■ **Problem**
Leave every image out, and return the rest of the data word for word.

■ **Information shown**
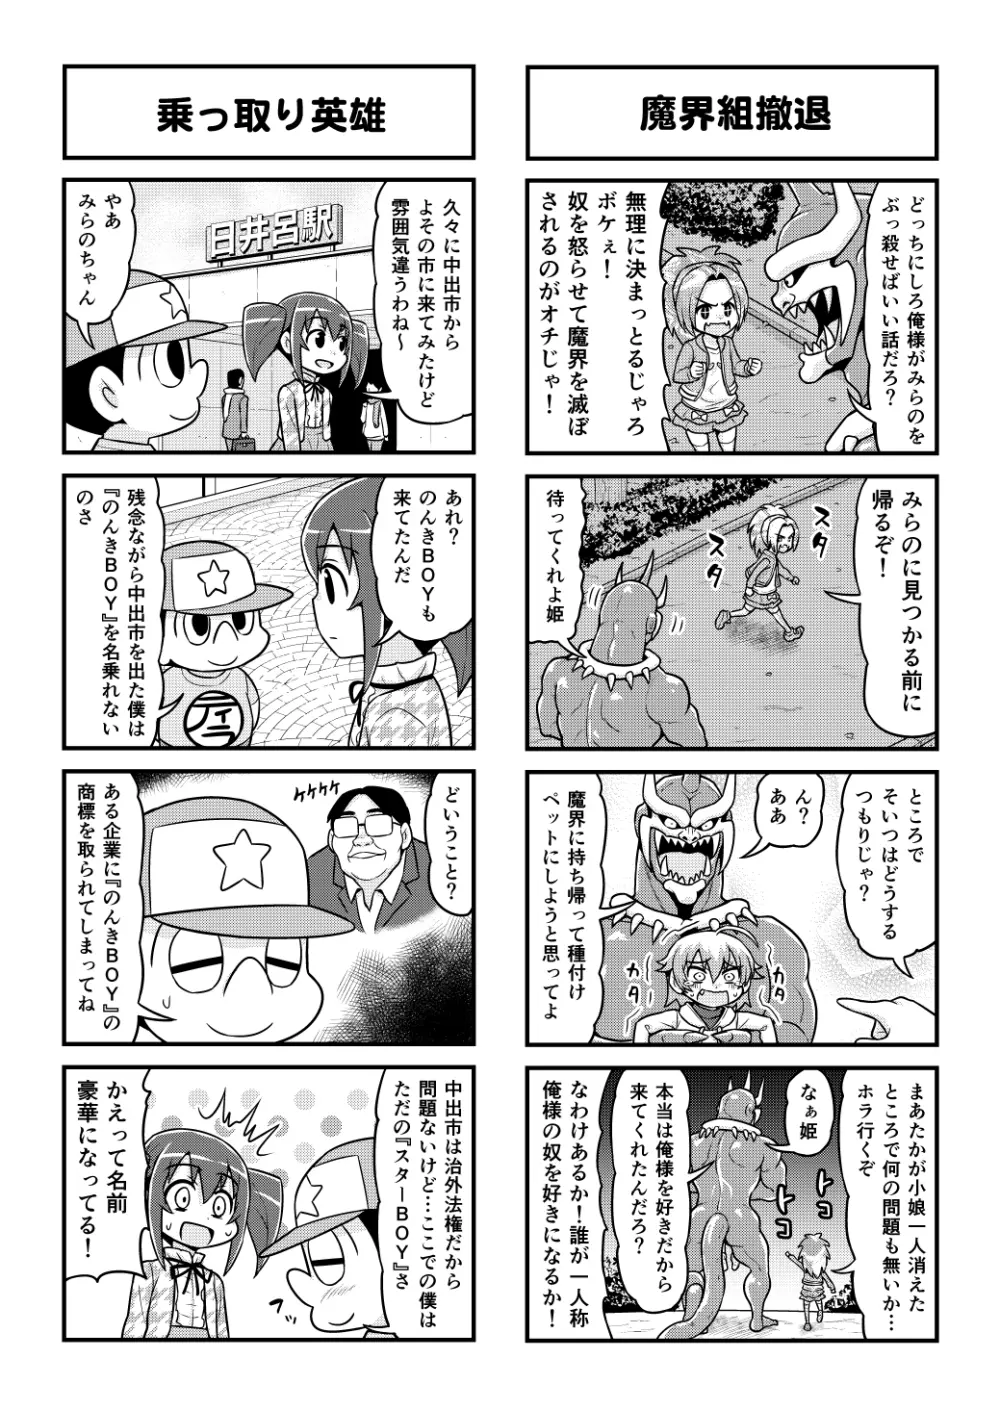 のんきBOY 1-48 - page417
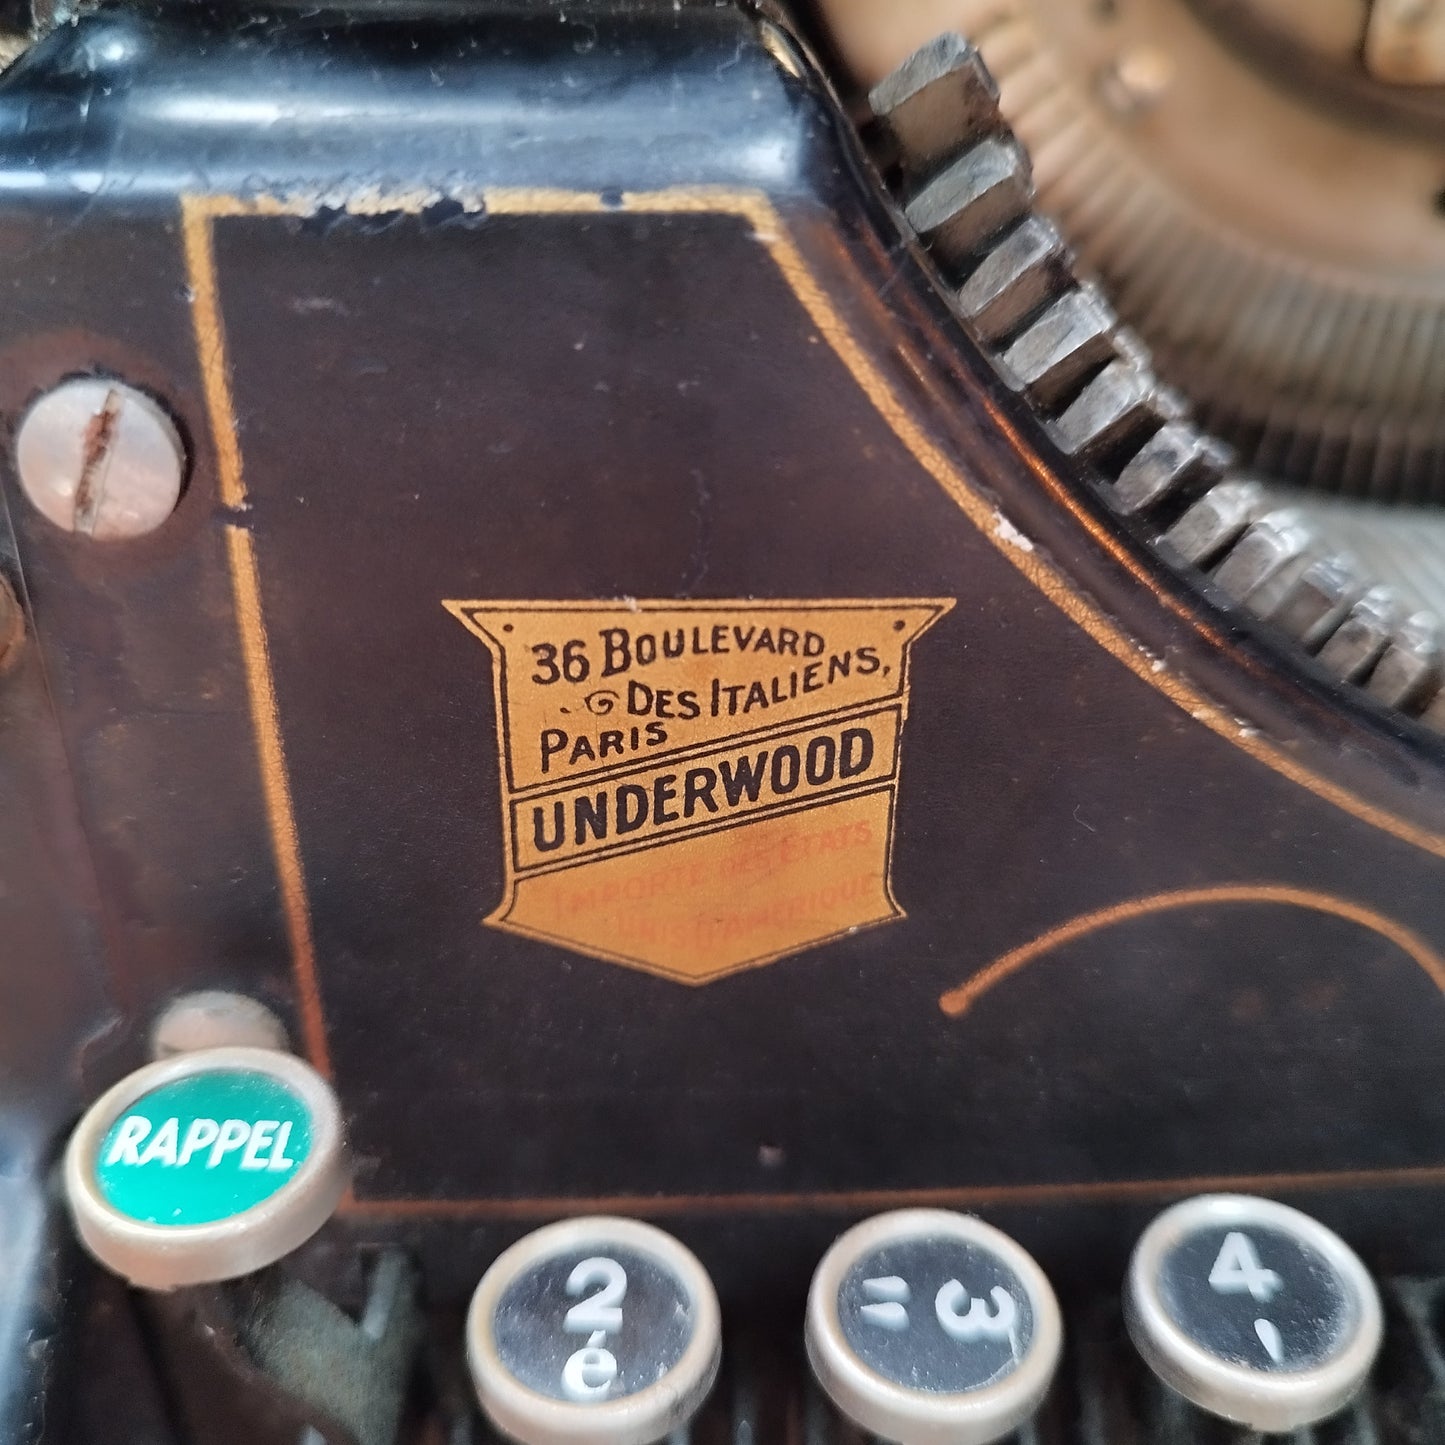 Machine à écrire Underwood N°5
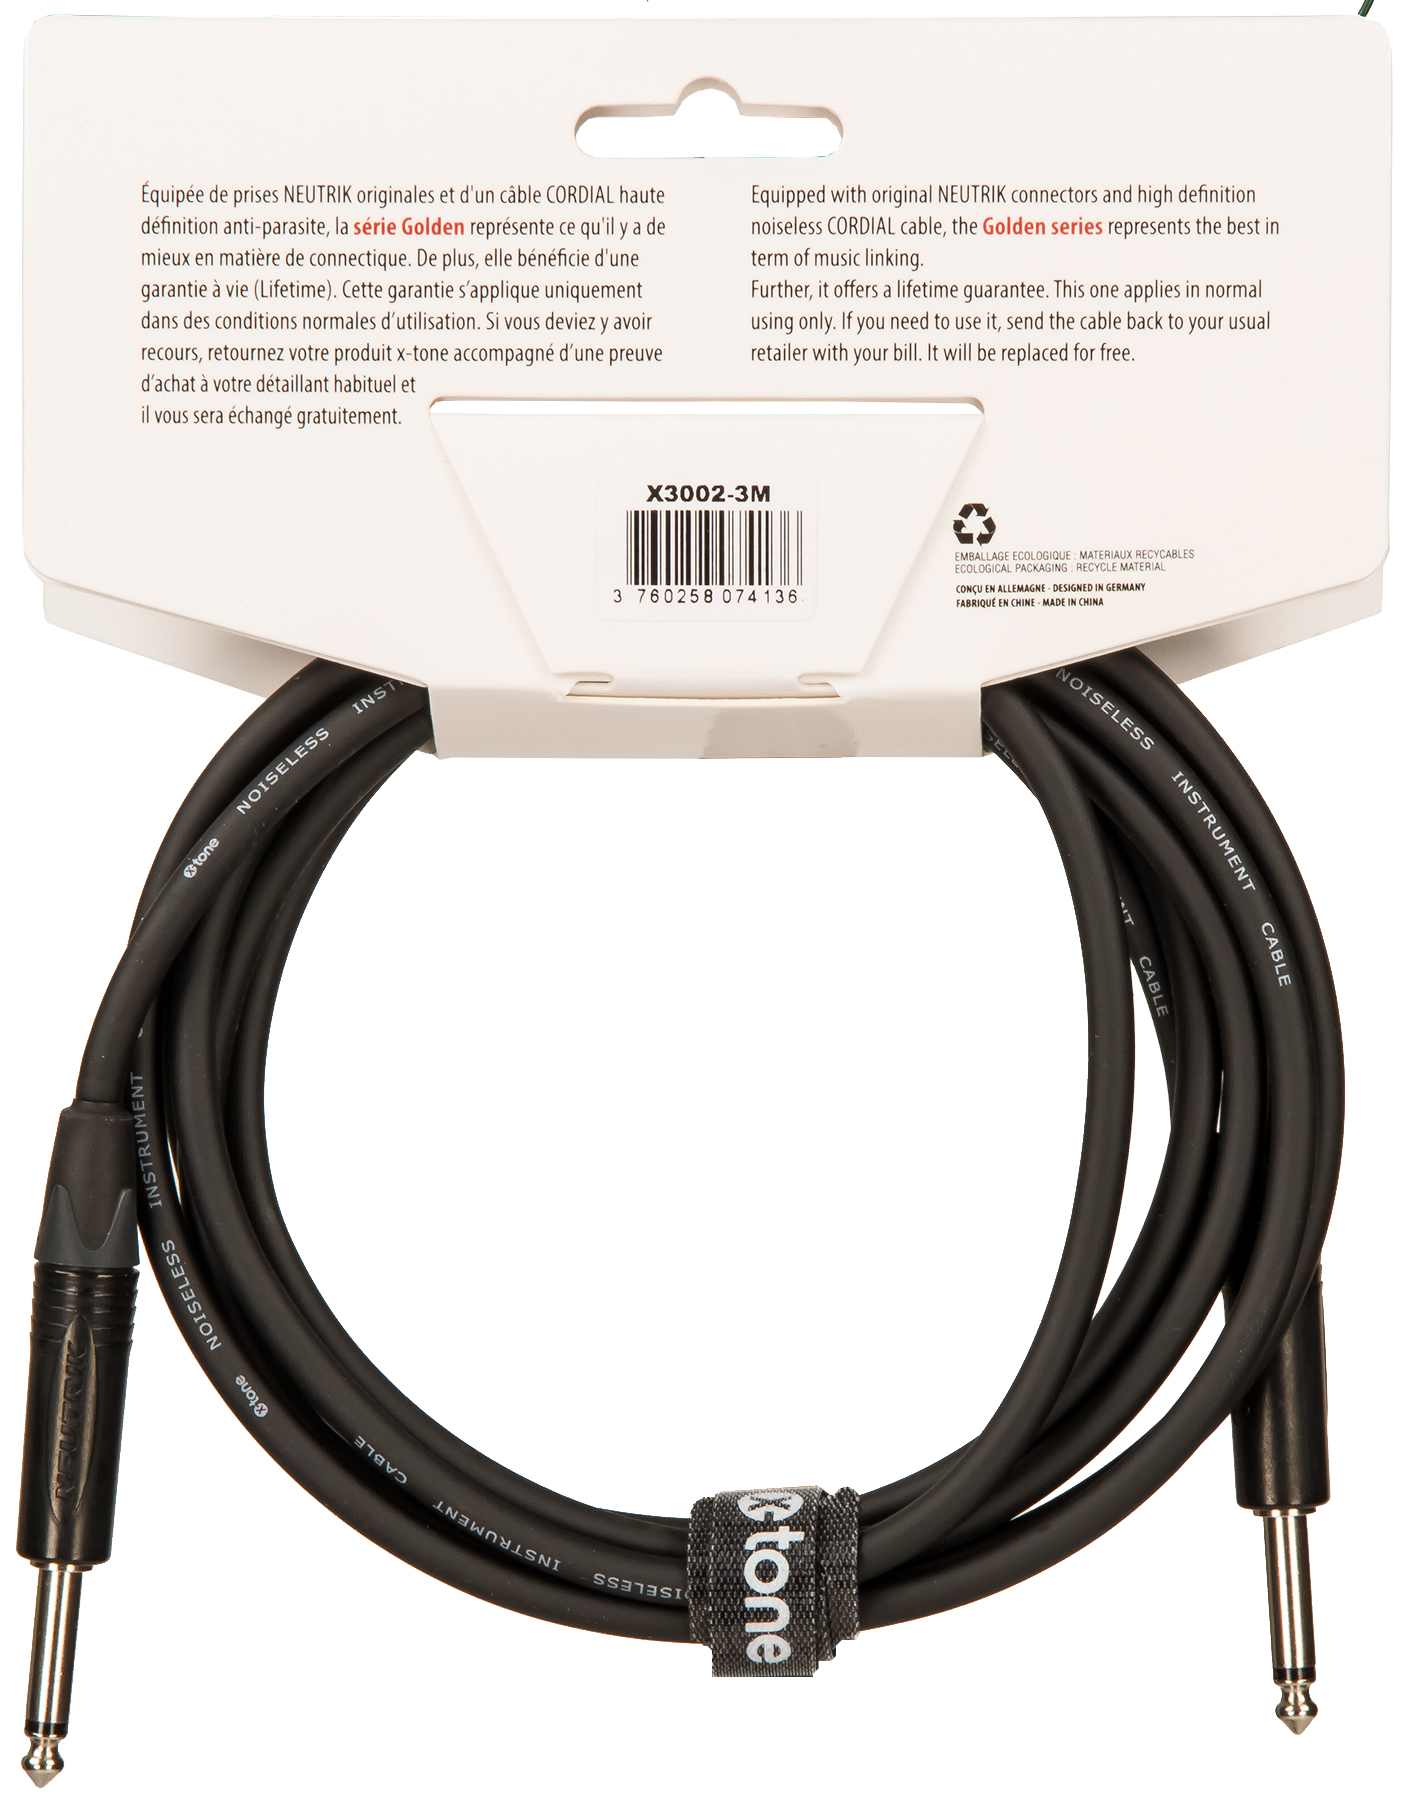 X-tone X3002-3m Instrument Cable Golden Series Neutrik Droit/droit 3m - Kabel - Variation 1

■ **Response area**
 のんきBOY 1-48 - page417
 Machine à écrire Underwood N°5
 X-tone X3002-3m Instrument Cable Golden Series Neutrik Droit/droit 3m - Kabel - Variation 1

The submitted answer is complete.